EESA Scientists were able to use the new synchrotron Infrared Nano Spectroscopy (SINS) capability at Advanced Light Source.

Above: Diagrams of the setup of (a) the Germanium-hemisphere enhanced attenuated total reflection (Ge micro-ATR) and (b) the resonance enhanced SINS.


Berkeley Lab scientists have identified a way to use machine learning to connect fine- and large-scale measurements of shale – the most abundant sedimentary rock in the Earth’s subsurface and one known for its ability to trap fluids such as carbon dioxide and methane. Results of the research team’s recent study, “Cross-Scale Molecular Analysis of Chemical Heterogeneity in Shale Rocks,” were published in the Nature publication Scientific Reports.

Zhao Hao, a physicist, and Peter Nico, a soil and environmental biogeochemist, work within the national lab’s Earth and Environmental Sciences Area. Hao led the researchers in using molecular imaging methods based on infrared spectroscopy to observe chemical and physical diversity in shale samples. They collected chemical data at the Advanced Light Source on the scale of nanometers using synchrotron infrared Nano spectroscopy and at the millimeter scale using Germanium hemisphere infrared spectroscopy then built a machine-learning model to connect the nanoscale measurements to the millimeter scale ones.

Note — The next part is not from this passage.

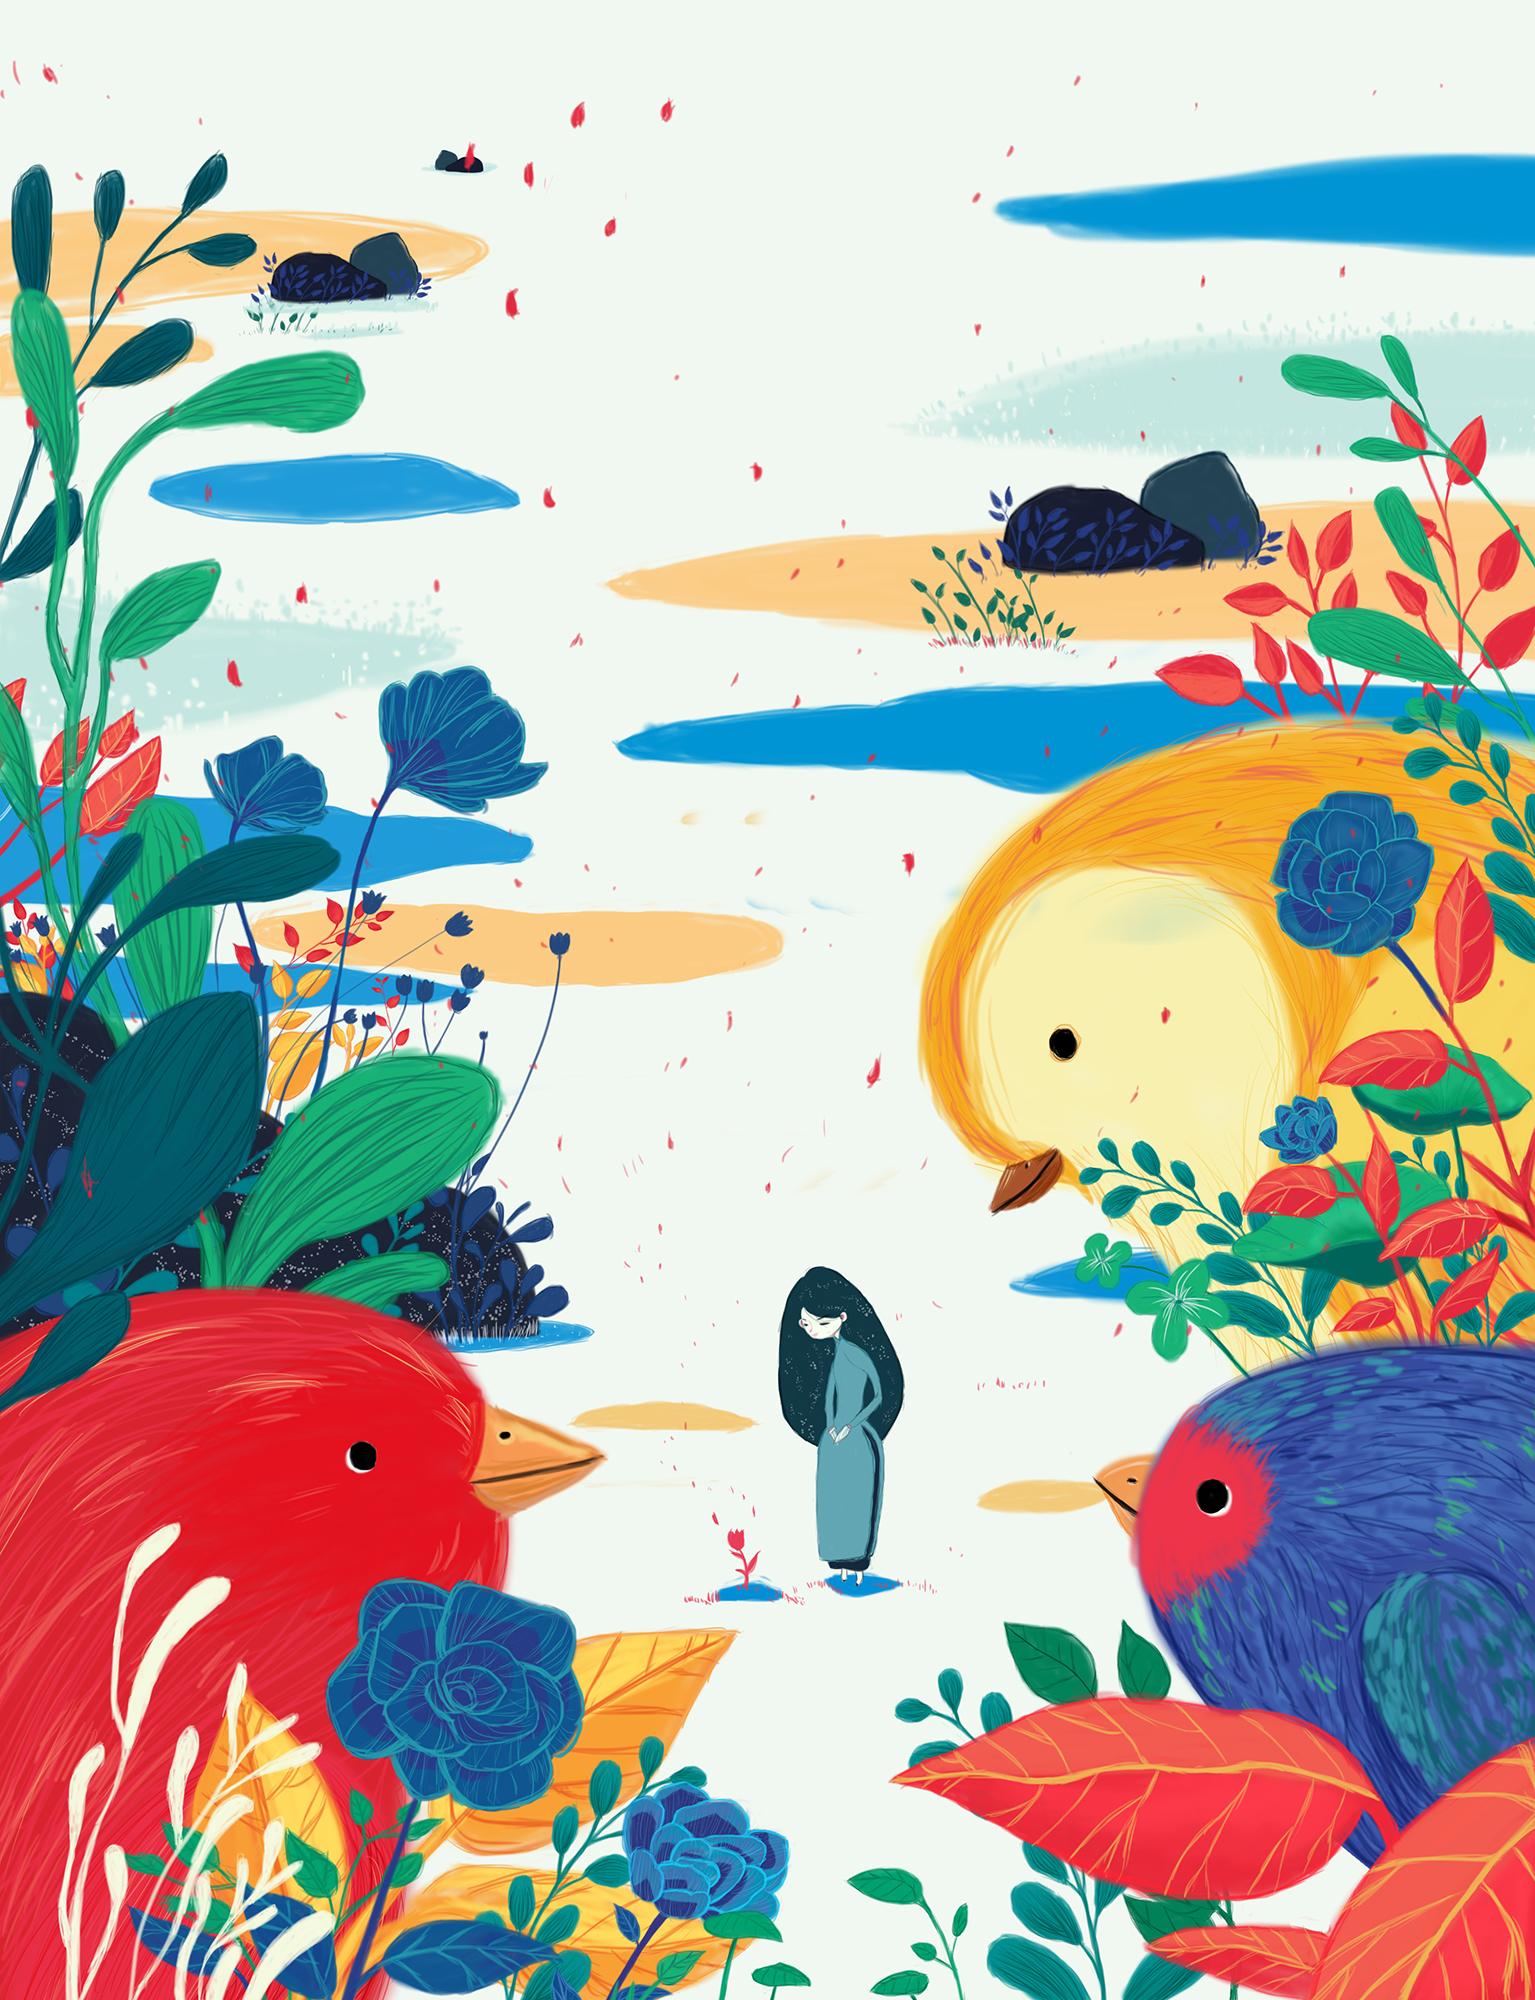 手绘作品 插画 商业插画 可乐0 - 原创作品 - 站酷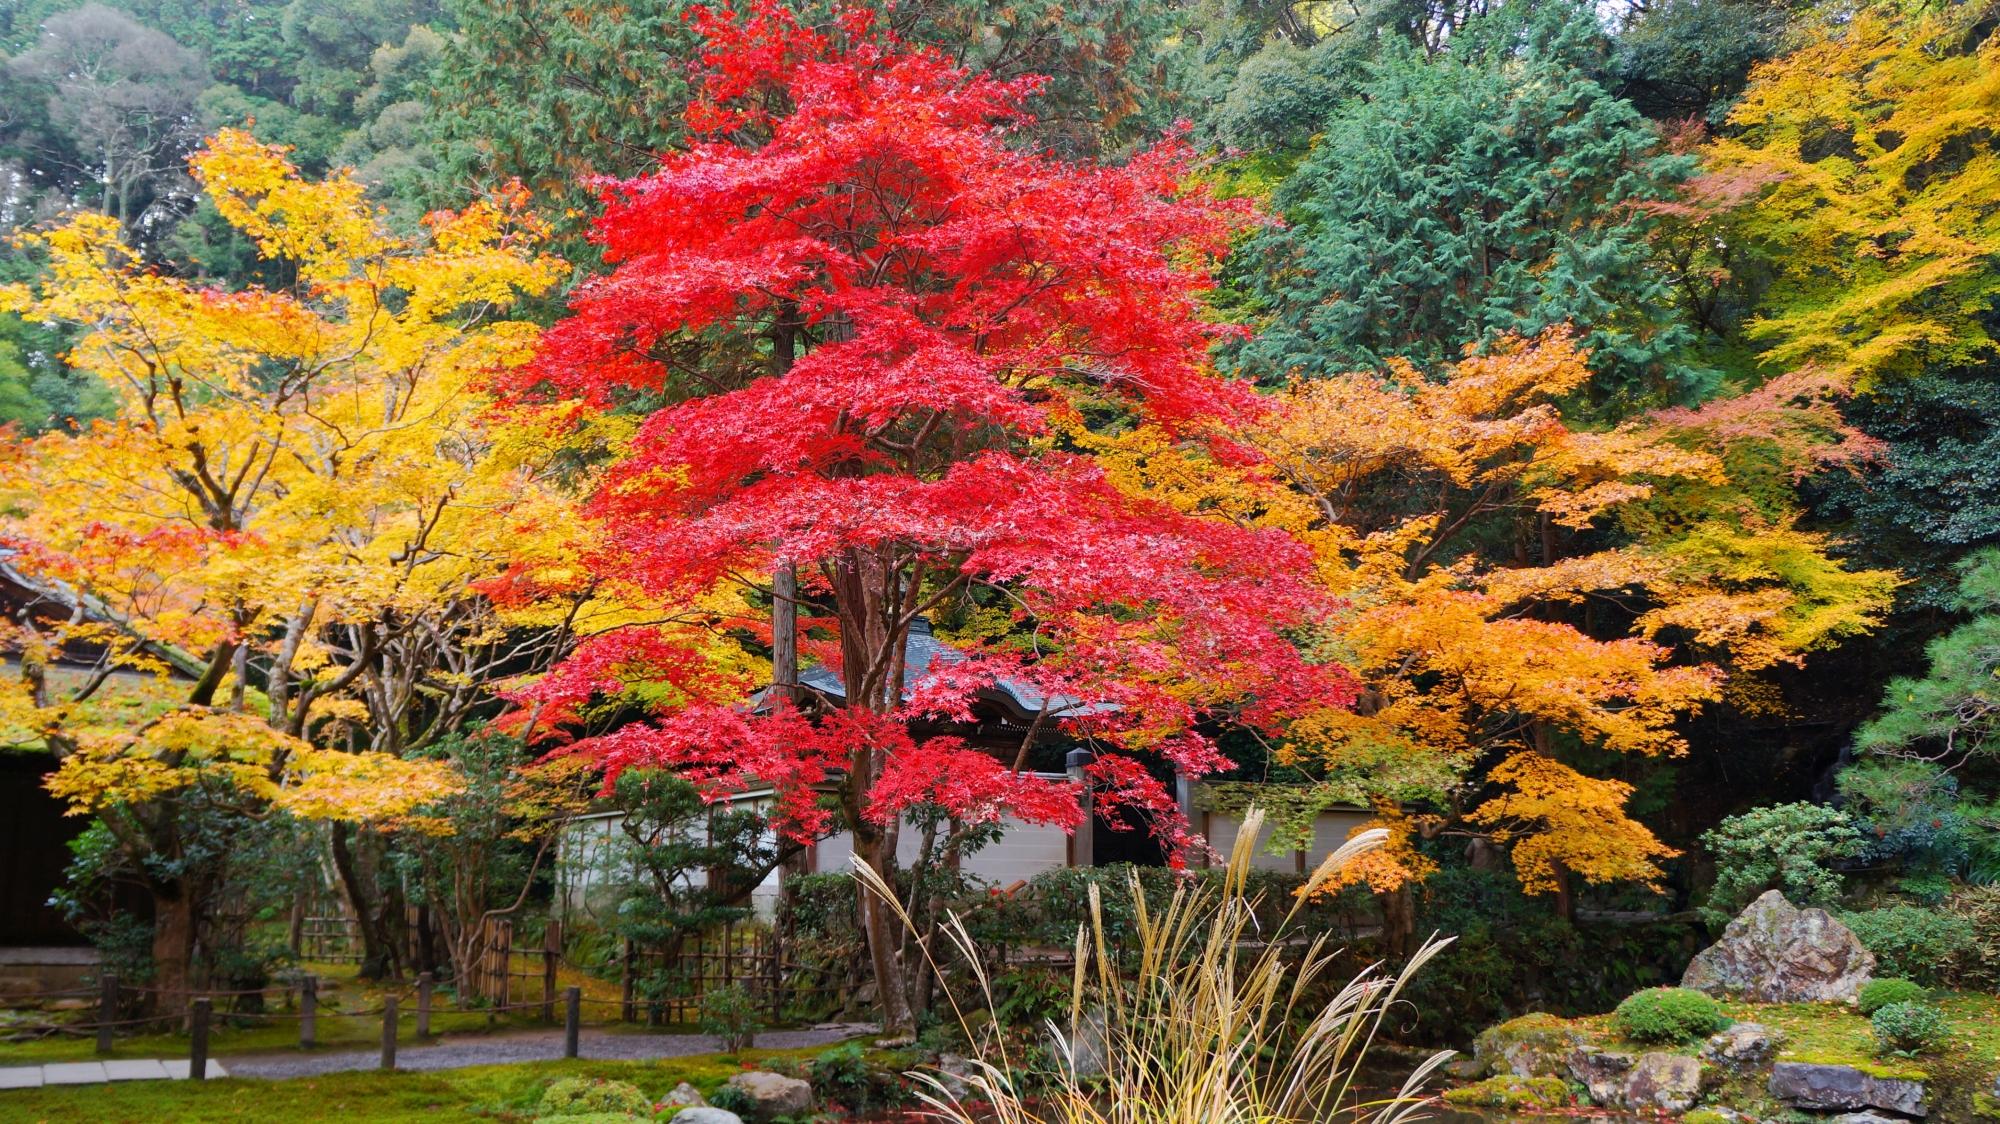 南禅寺と南禅院の素晴らしい紅葉と秋色の情景

According to Nico, the ability to characterize the chemical and physical properties of shale rock at the nanoscale level and then translate the understanding across scales is key to improving technologies that depend upon predicting the behavior of subsurface rock under various conditions.

“For technologies that require an understanding of the structure of rock – particularly how rock fractures – the more we know about this structure on a small scale, the better,” says Nico. “Because shale is associated with a number of energy production technologies, knowledge about how shale behaves under pressure and other conditions is particularly important.”

Subsurface rock is stimulated to cause fractures that enable the release of hydrocarbons, in the case of hydraulic fracturing, and heat, in the case of enhanced geothermal systems (EGS), for conversion to energy. Carbon capture and sequestration, on the other hand, relies upon subsurface rock staying sufficiently intact to prevent carbon leakage. The association between subsurface rock and energy production has made modeling subsurface rock fractures a key research focus within the Energy Geosciences Division.

Shales are sedimentary rocks made up largely of fine-grained mineral particles intermixed with organic matter. Together these form a nanoporous network giving shale its limited permeability. Hao’s team wanted to better understand the flow of fluids through this shale during energy production or weathering reactions, which requires information about shale’s nanoscale composition and mesoscale diversity. Until now it has been difficult to obtain sufficient information because of the difficulty involved with capturing ultra high-resolution images of sedimentary rock that include chemical information and are also relevant to the large scale because of the time necessary to image even small areas with nanometer resolution.  

“We were able to utilize the new synchrotron Infrared Nano Spectroscopy (SINS) capability  at the ALS and translate that information to the macroscale images taken using the Germanium hemisphere approach through the machine learning approach,” Nico says. “This allowed us to connect two methods that had previously been used  separately but not together.

Changes that occur at the nanoscale in subsurface rock do so in response to variables like temperature, pressure, or chemistry. Being able to connect the nanoscale to the macroscopic scale allows us to make better predictions about how rocks will respond in the real world as these variables change.”